In addition, to understand the characteristics associated with typical multimorbidity trajectories, we explore the sociodemographic profile of each trajectory. Descriptive statistics for age, sex, marital status, household size, educational level, household tenure, and SIMD are presented by trajectory cluster. Age and sex-adjusted and multivariable multinomial logistic regressions are also used to understand whether there are significant sociodemographic differences between clusters. We present odds ratios (ORs) and their 95% confidence intervals (CIs).

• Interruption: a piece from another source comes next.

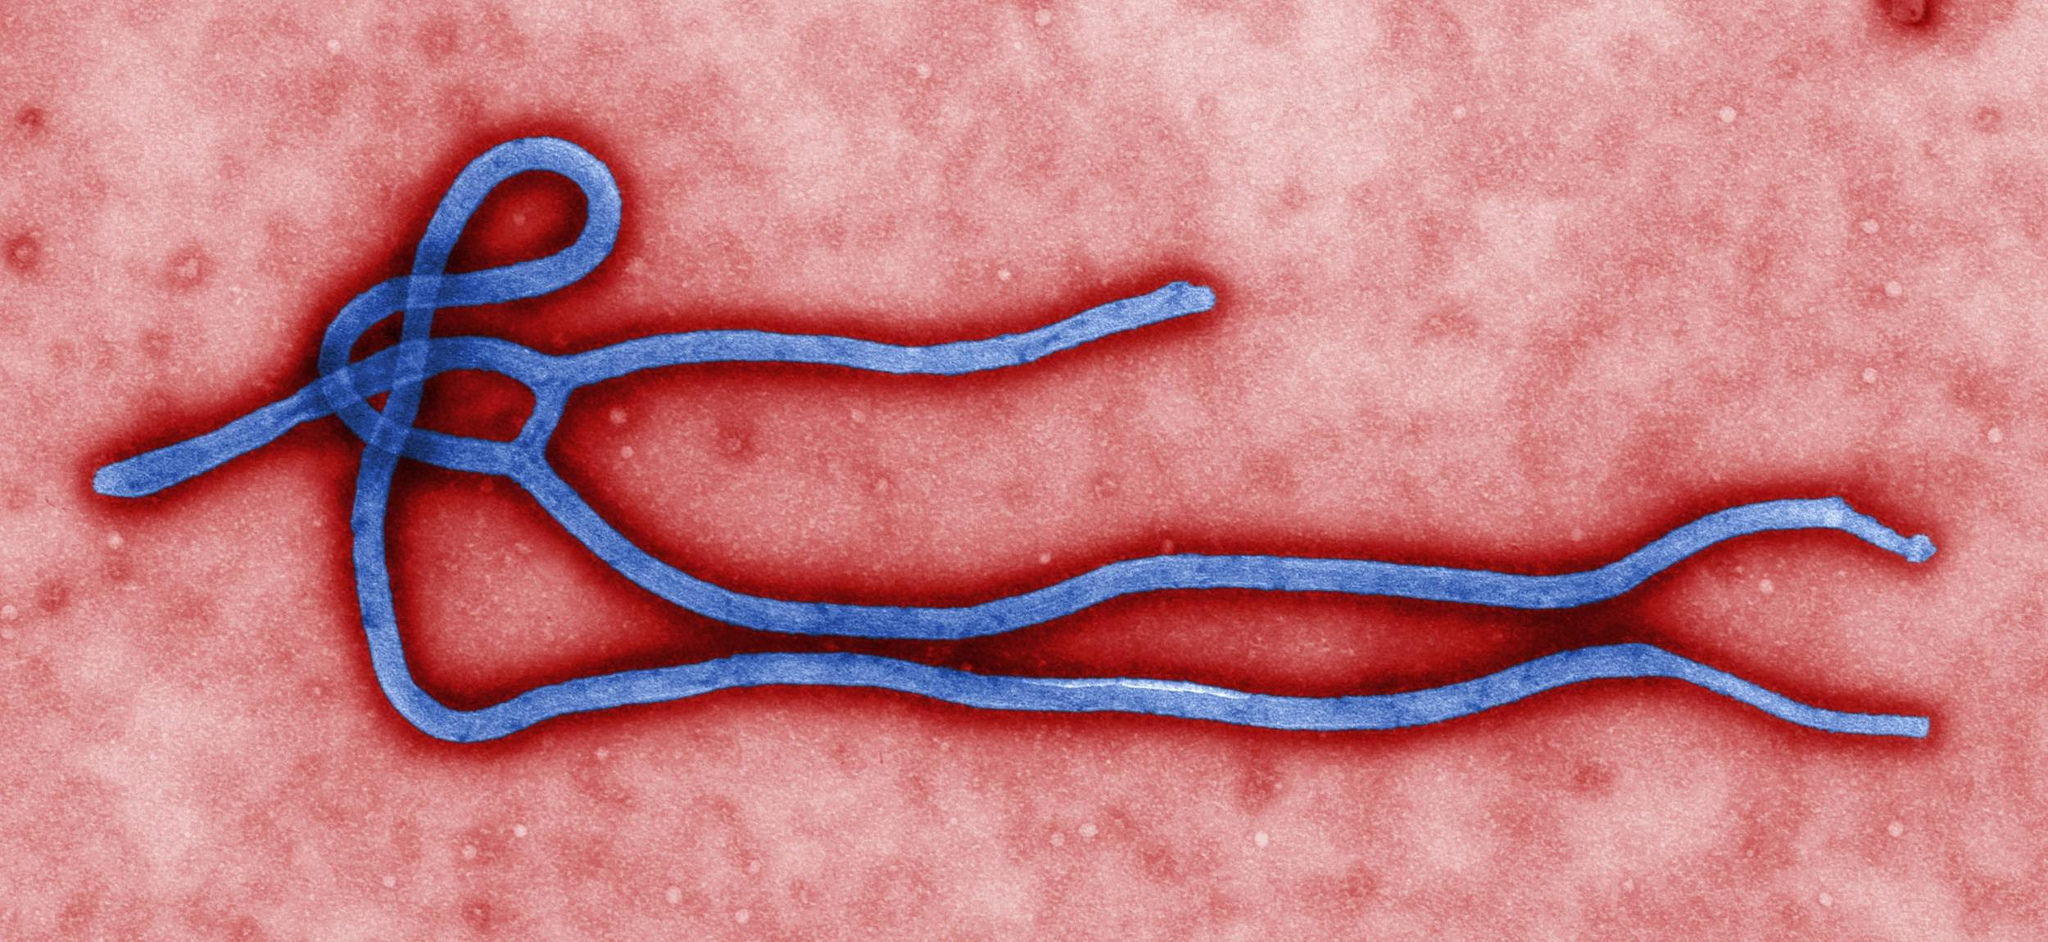 Ebola Anxiety and Mental Terrorism

Finally, we wish to understand whether specific trajectories are associated with greater health care utilisation and worse outcomes. To account for different exposure time per individual, a 5-year denominator is created adjusted for any event of exits or deaths over that period (adjusted person-years). Differences in hospitalisation outcomes (number of hospitalisations and number of overnight stays) are analysed using Poisson regression with robust variance and an adjusted 5-year person-year as denominator. Risk Ratios (RRs) and their 95% CIs are presented adjusted for sex and age, and then subsequently for the five sociodemographic variables previously described. To account for other comorbidities playing a role in the likelihood of hospitalisations, analyses are further adjusted for a comorbidity count. The comorbidity count is created from 23 Elixhauser comorbidities (excluding eight Elixhauser comorbidities already covered by comorbidities at the core of our analysis i.e. diabetes, CVD, and cancer) and based on the ICD10 codes from the Quan et al. algorithm22,23. Cox regression is used to explore cluster differences in 5-year mortality risk, censoring for the end of the 5-year follow-up period or exit. Cox models are also adjusted for age and sex and subsequently for the five sociodemographic variables and the comorbidity count. Hazard Ratios (HRs) and their 95% CIs are presented. The proportional hazard assumption is checked visually using Kaplan Meier survival curves by cluster and appears satisfied.

Data preparation, sequence creation, descriptive statistics, and regression analyses were done using SAS version 9.4 (SAS Institute Inc, Cary, NC, USA). Sequence analysis, optimal matching, and cluster analysis were done using the TraMineR and WeightedCluster libraries in R version 3.4.324. Graphical representations were created using R.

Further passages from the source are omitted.